You are viewing a plain text version of this content. The canonical link for it is here.
Posted to dev@tomcat.apache.org by Gr...@pfizer.com on 2003/12/18 17:44:18 UTC

RE: Intro/question possible buglet with Content-Type and Charsets - now more of an RFC

Hi All,

(We may be barking up the wrong tree here, so if so please point me in the
right direction)

This is still causing us issues - as IE fails to parse a charset when it is
tacked on to Content-Type: application/vnd.ms-excel

It would appear that the charset is being tacked onto the Content-Type in
setContentType method of
catalina/src/share/org/apache/catalina/connector/ResponseBase.java in the
event of it not being supplied in the Content-Type (it looks for a ';')

The encoding can never be null as it is extracted from the locale in the
setLocale method below it.

I understand this to mean that the charset will always be tacked on
irrespective of the Type.

However;

I cannot find an explicit reference to not defining a charset for binary
Types, but I cannot see why you would want to.

HTTP 1.1 implies that there is a default charset for text Types (makes
sense)(http://www.w3.org/Protocols/rfc2068/rfc2068)

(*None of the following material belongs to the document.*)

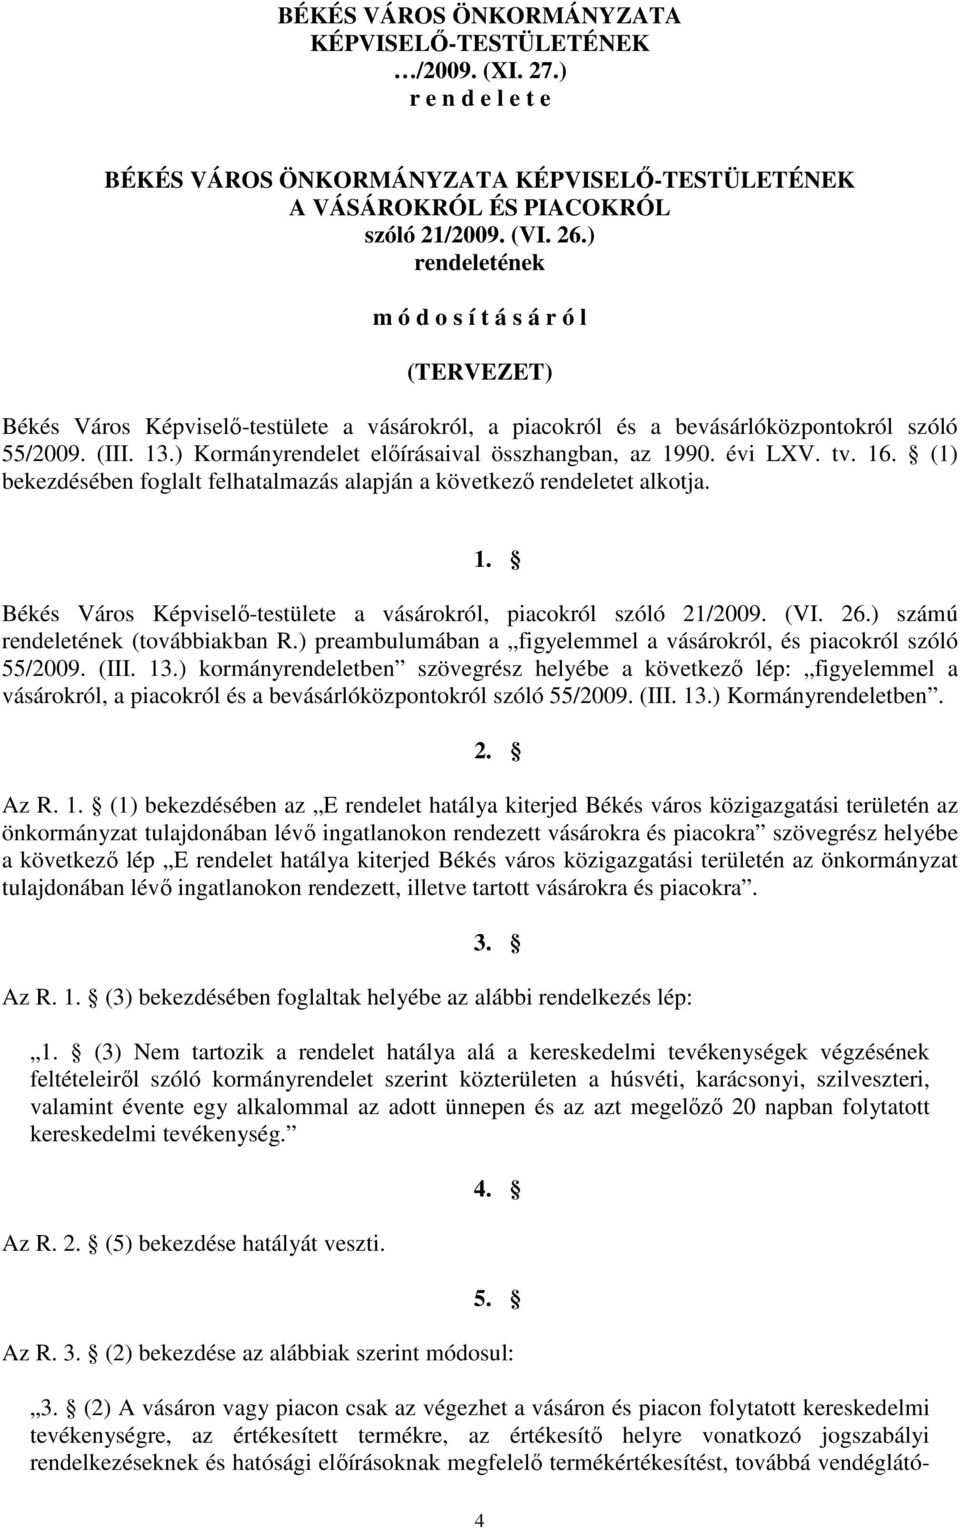 ) Kormányrendelet elıírásaival összhangban, az 1990. évi LXV. tv. 16. (1) bekezdésében foglalt felhatalmazás alapján a következı rendeletet alkotja. 1. Békés Város Képviselı-testülete a vásárokról, piacokról szóló 21/2009.

'When no explicit charset parameter is provided by the sender, media
subtypes of the "text" type are defined to have a default charset value of
"ISO-8859-1"' 

Which I understand that it is fair enough to add it to text/* Types.

RFC 1341 (http://www.faqs.org/rfcs/rfc1341.html) states that:

'2.a.  A "text" Content-Type value, which can be used to represent  textual
information  in  a  number  of character  sets  and  formatted  text
description languages in a standardized manner.'

But no mention of Charsets in Application types:

'2.c.  An "application" Content-Type value, which can be used  to transmit
application data or binary data, and hence,  among  other  uses,  to
implement  an electronic mail file transfer service.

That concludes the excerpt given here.